### Records provided
Start of Block

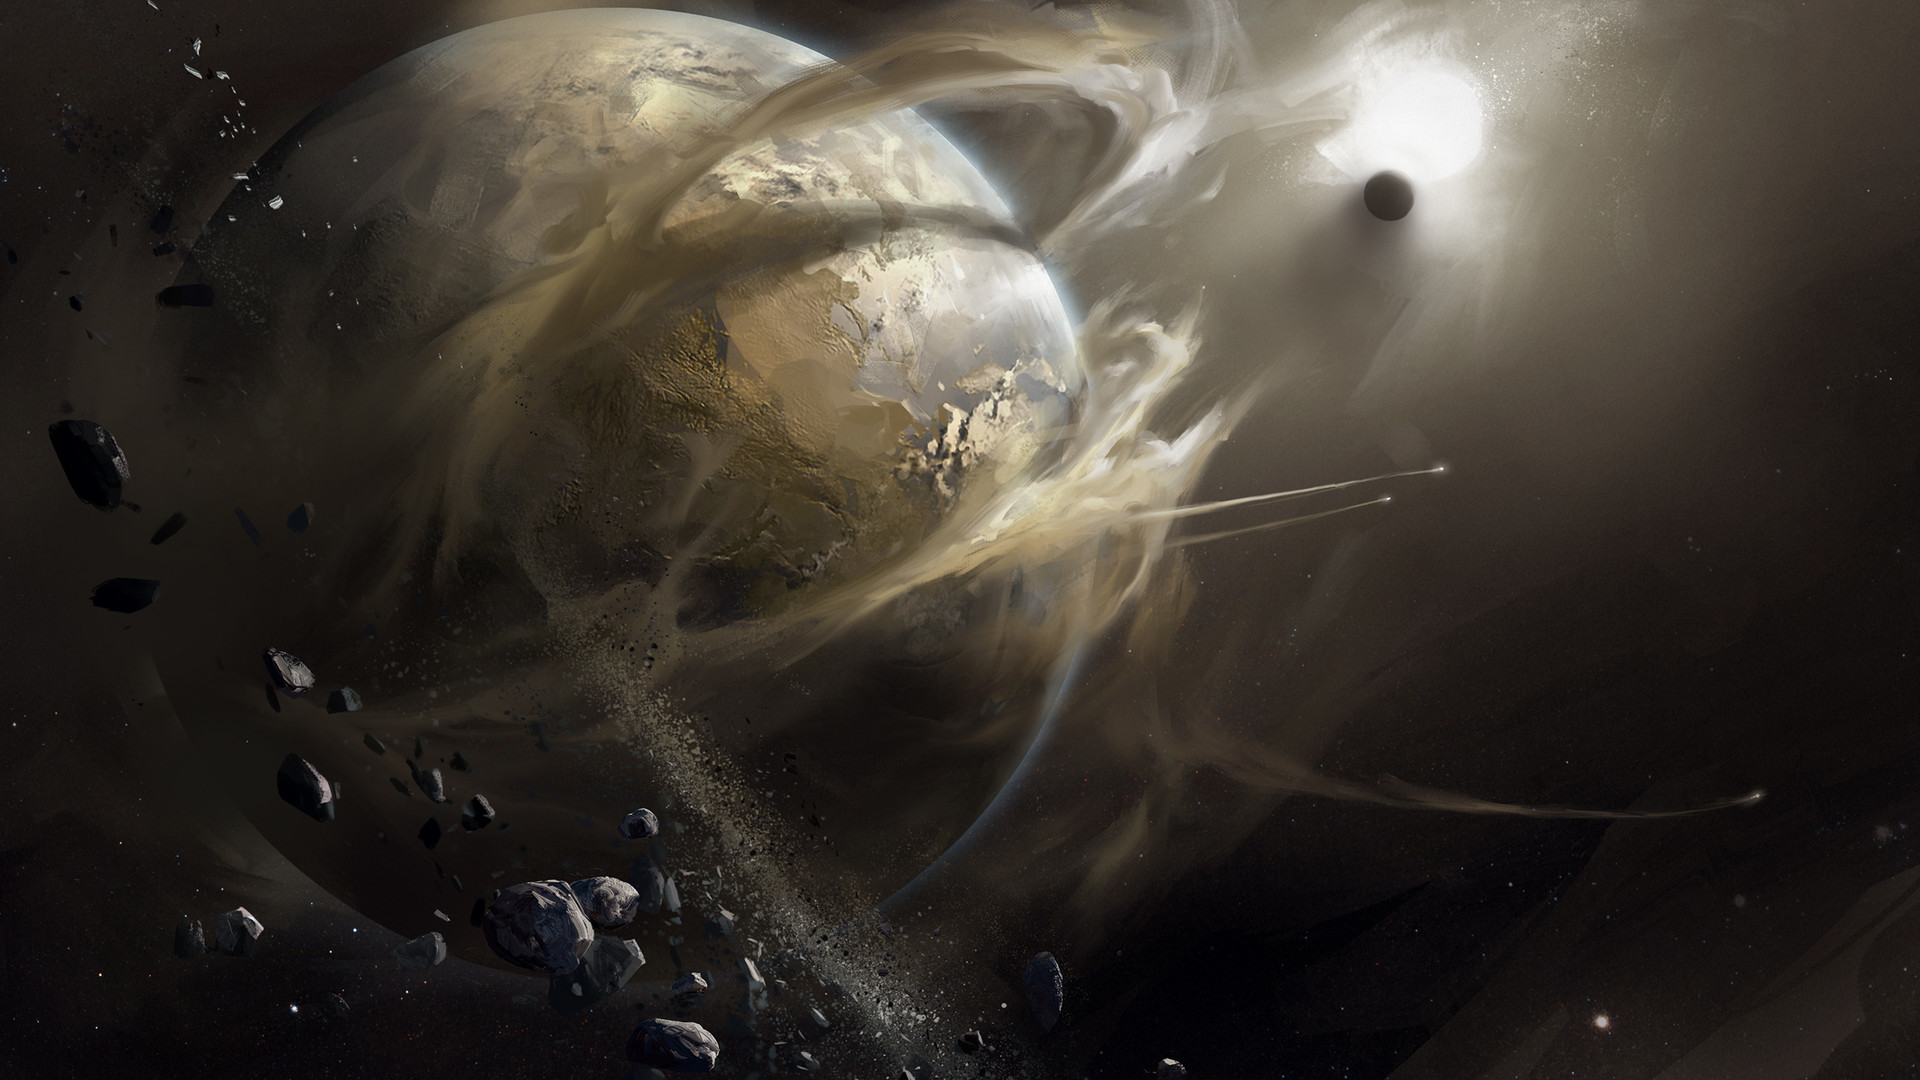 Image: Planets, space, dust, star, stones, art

End of Block
Start of Block

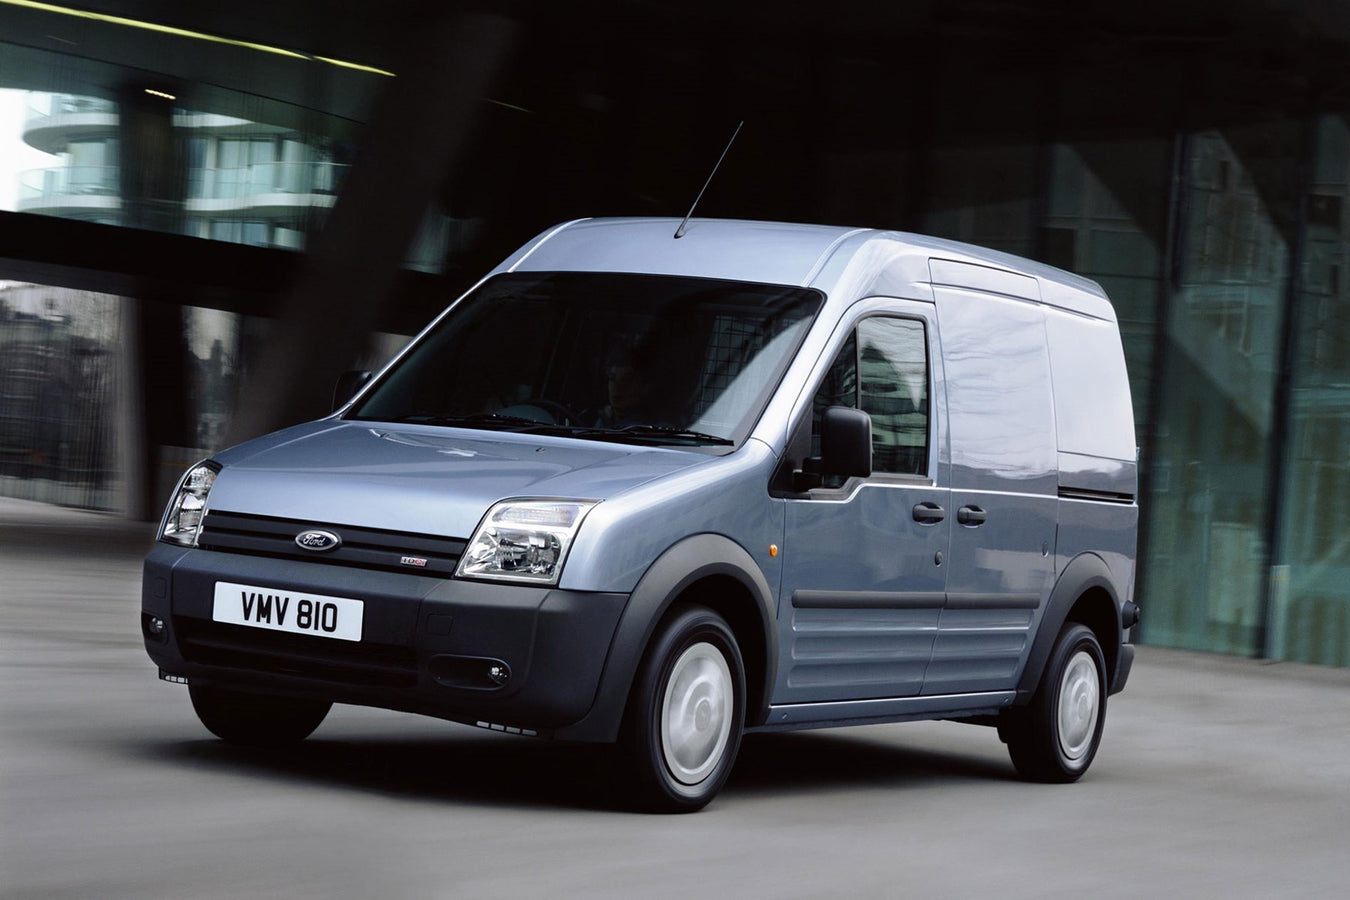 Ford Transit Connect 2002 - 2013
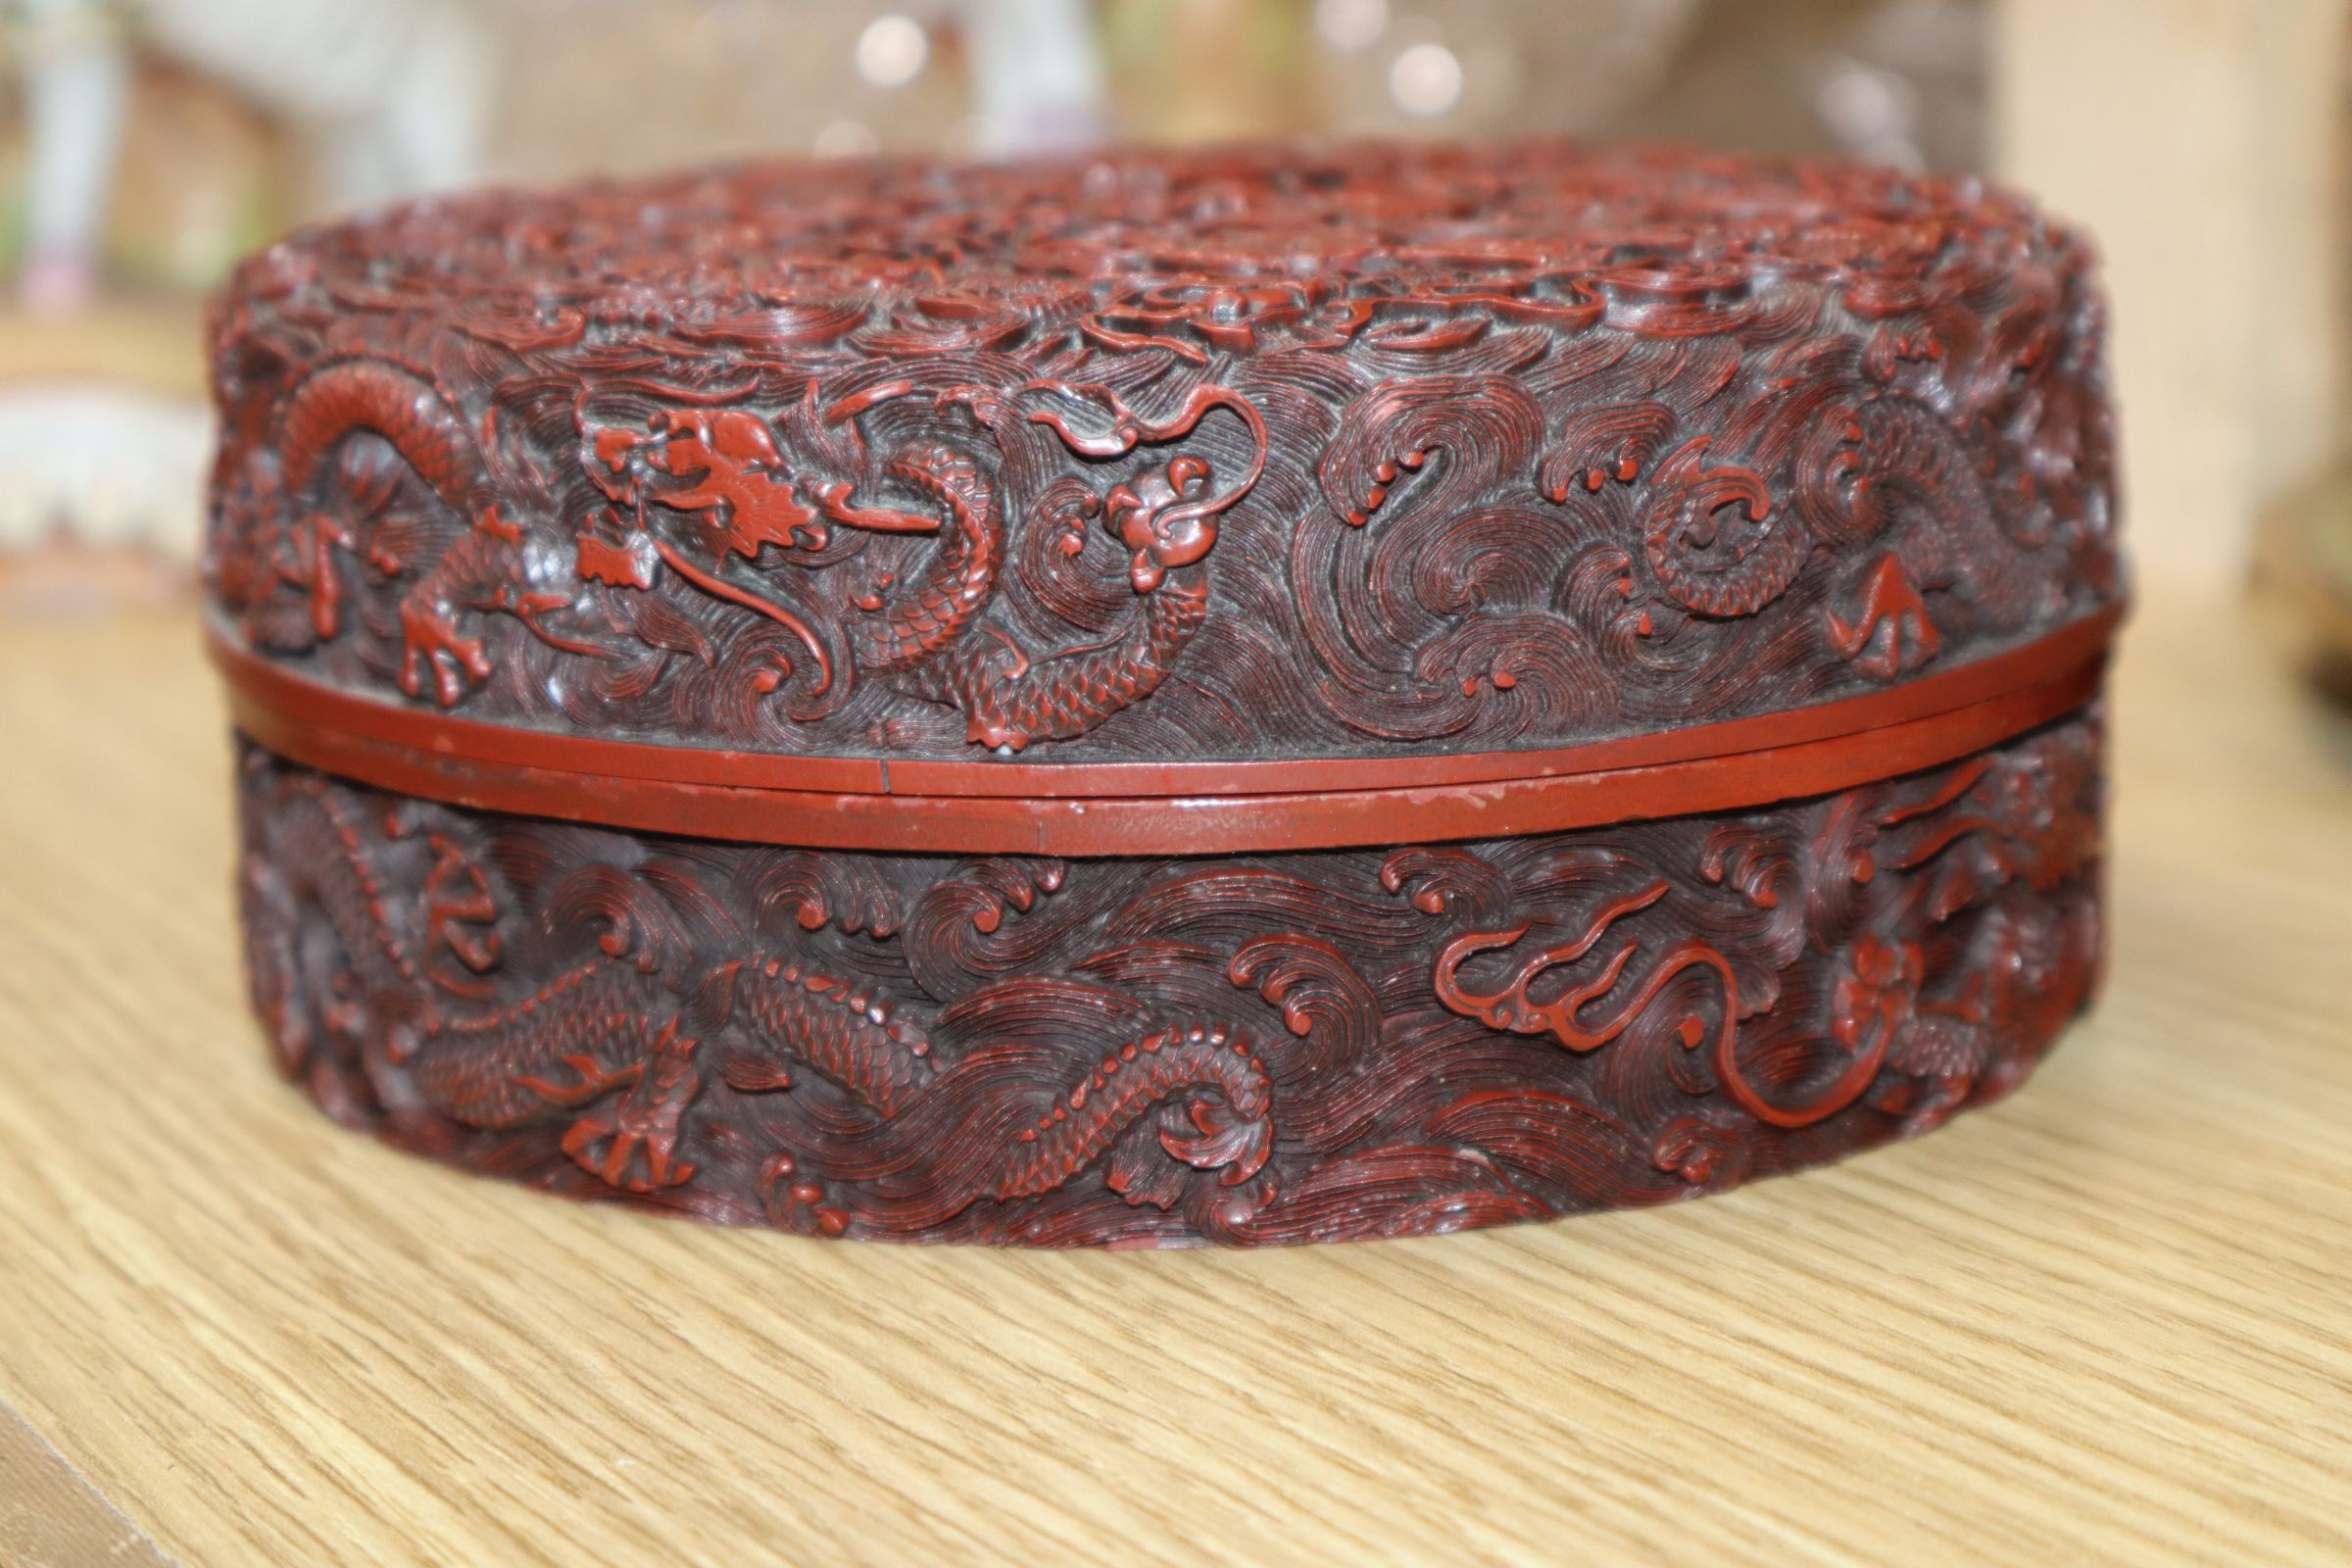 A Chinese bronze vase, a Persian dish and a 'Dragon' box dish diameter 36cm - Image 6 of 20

End of Block
Start of Block

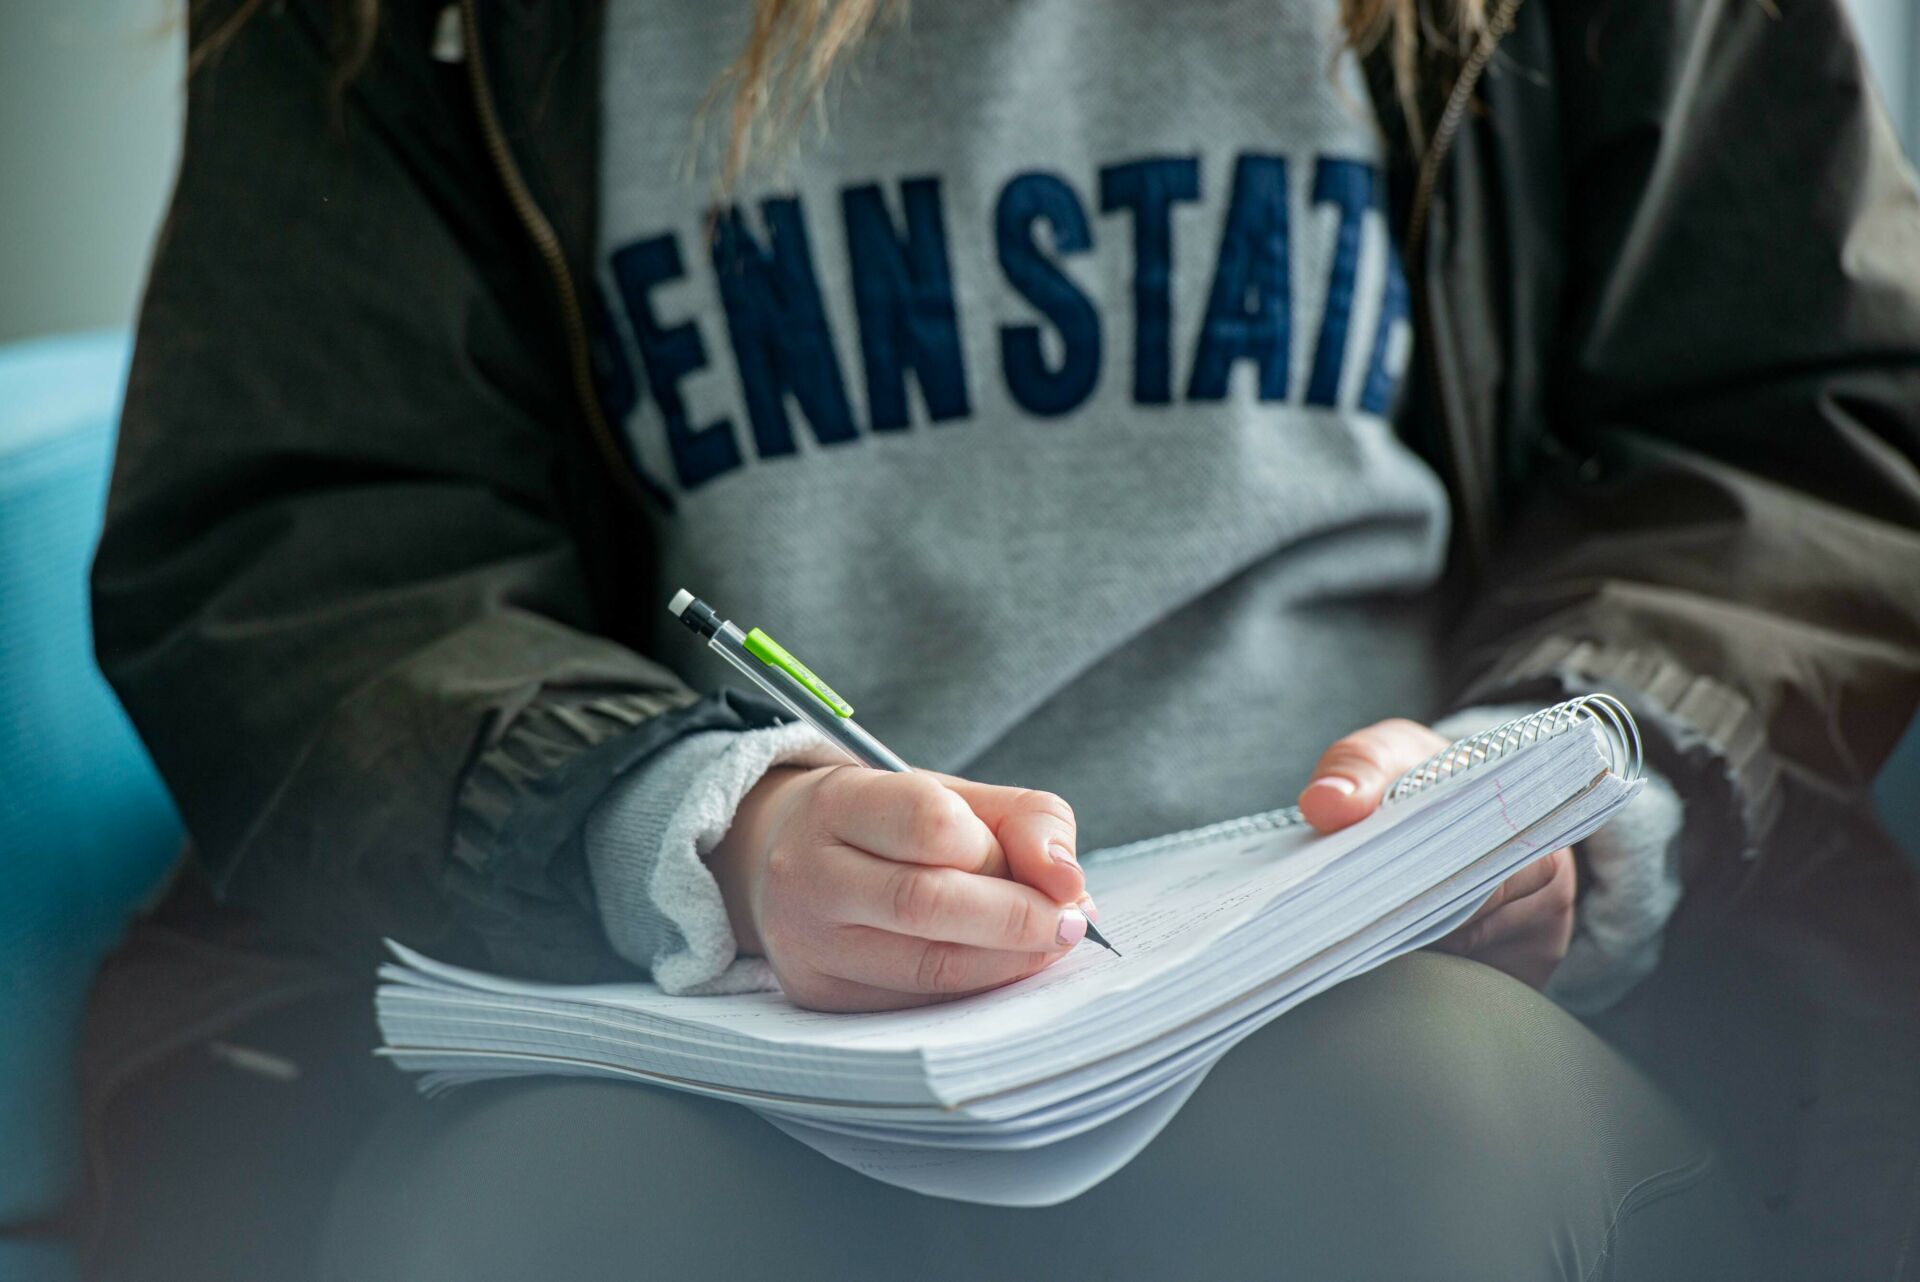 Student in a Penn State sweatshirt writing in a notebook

End of Block

Everything above from the line containing "Ford Transit Connect 2002 - 2013" through the line containing "A Chinese bronze" must be repeated exactly, and the pictures must be left out.

### Output below
 Ford Transit Connect 2002 - 2013
 A Chinese bronze vase, a Persian dish and a 'Dragon' box dish diameter 36cm - Image 6 of 20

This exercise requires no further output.